2,4-Dichloro-6,8-dimethoxyquinoline (S1)

Compound was prepared using 6,8-dimethoxy aniline (10.0 g, 65.3 mmol), malonic acid (6.79 g, 65.3 mmol), and POCl₃ (26 mL) according to the procedure for S5. The reaction time was 2 hours. The crude solid was extracted (soxhlet) with hexanes for 3 d to provide the title compound as a green-brown solid (1.376 g, 8%).
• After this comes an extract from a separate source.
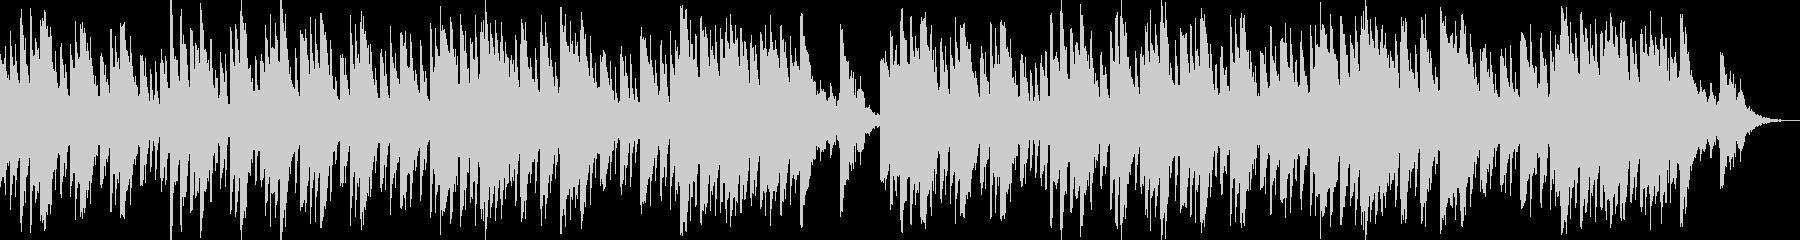 洞窟探検のBGMの未再生の波形
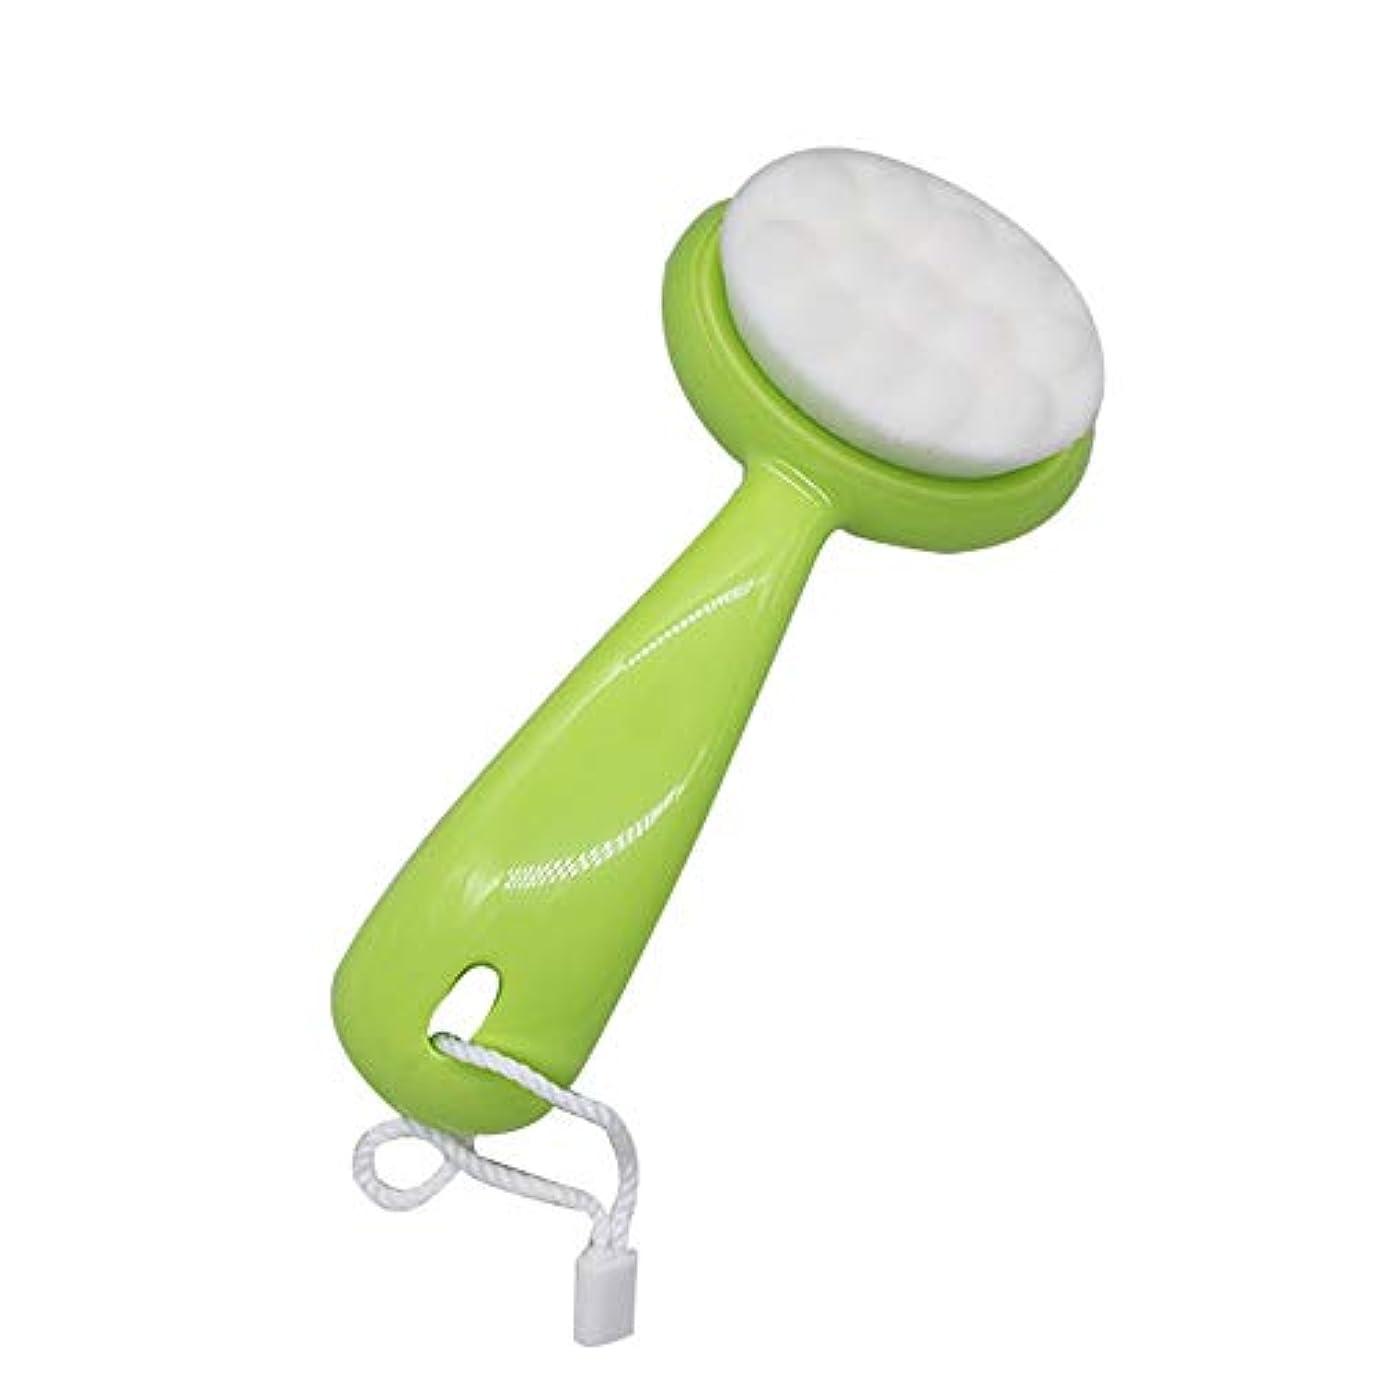 ストラトフォードオンエイボン素敵なフォークLYX ブラシ、マニュアルロングハンドル、ソフトの髪、クレンジングブラシ、ディープ毛穴クリーニングブラシ、クレンジング器、ブラックヘッド洗浄器の洗浄 (Color : 緑)

Mp 183.5–184.5 °C; R_f = 0.09 (10% EtOAc/hexanes); IR (film) 3080, 2964, 1615, 1562 cm⁻¹; ¹H NMR (400 MHz, CDCl₃) δ 7.50 (s, 1H), 6.98 (d, J = 2.4 Hz, 1H), 6.77 (d, J = 2.4 Hz, 1H), 4.03 (s, 3H), 3.95 (s, 3H); 13C NMR (100 MHz, CDCl₃) ppm 159.4, 155.8, 146.1, 142.7, 136.6, 127.1, 122.9, 103.0, 93.7, 56.3, 55.7; HRMS (ESI): Exact mass calcd for C₁₁H₁₀Cl₂NO₂[M+H] +258.0089, found 258.0094.

⁴Cl6,8(MeO)2QuinBAM (S2)

A 25 mL round bottom flask was charged with Pd(dba)2 (22.3 mg, 38.7 μmol), rac-BINAP (24.1 mg, 38.7 μmol), sodium tert-butoxide (558.4 mg, 5.811 mmol), (R,R)-diaminocyclohexane (221.2 mg, 1.937 mmol), and the quinoline (1.000 g, 3.874 mmol). Toluene (13 mL) was added, and the reaction mixture was stirred at 85 °C. The reaction mixture was monitored by TLC, and complete conversion was observed after 65 min. The reaction was cooled to room temperature, diluted with CH₂Cl₂, and filtered through Celite. The filtrate was concentrated and purified by column chromatography (25–30% ethyl acetate in hexanes) to provide a yellow/orange solid (775.7 mg, 72%). mp 120.0–122.0 °C; ${[\alpha ]}_D^{20}$+434 (c1.28, CHCl₃); Rf = 0.09 (25% EtOAc/hexanes); IR (film) 3245, 2934, 2856, 1606, 1545 cm⁻¹; ¹H NMR (400 MHz, CDCl₃) δ 6.86 (d, J = 2.4 Hz, 2H), 6.68 (d, J = 2.4 Hz, 2H), 6.57 (s, 2H), 6.09 (s, 2H), 4.01 (s, 6H), 3.98–3.90 (m, 2H), 3.88 (m, 6H), 2.42–2.28 (m, 2H), 1.86–1.70 (m, 2H), 1.52–1.35 (m, 4H); ¹³C NMR (100 MHz, CDCl₃) ppm 155.0, 154.7, 154.2, 141.2, 136.0, 122.1, 112.6, 102.2, 94.7, 56.6, 56.2, 55.4, 32.5, 24.7; HRMS (ESI): Exact mass calcd for C₂₈H₃₁Cl₂N₄O₄ [M+H]⁺ 557.1722, found 557.1738.

Biological activity test

A stock solution of 30 mM (−)-Nutlin-3 was prepared in DMSO. Hs294T cells were obtained from ATCC and maintained in DMEM/F12 media supplemented with 10% Fetal Bovine Serum, 100U/mL penicillin and 100ug/mL streptomycin. For viability, test cells were incubated with 10 μM (−)-Nutlin-3 for 5 days, trypsinized and mixed 9:1 with 0.4% buffered trypan blue. Viable trypan blue negative cells were counted in a haemocytometer. For the analysis of p53 protein levels Hs294T cells were incubated with 10 μM (−)-Nutlin-3 or an equivalent volume of vehicle DMSO for 3 days. Cells lysates were analyzed by Western Blotting with p53-specific (DO-1, Calbiochem) and β-actin-specific (Cell Signaling) antibodies.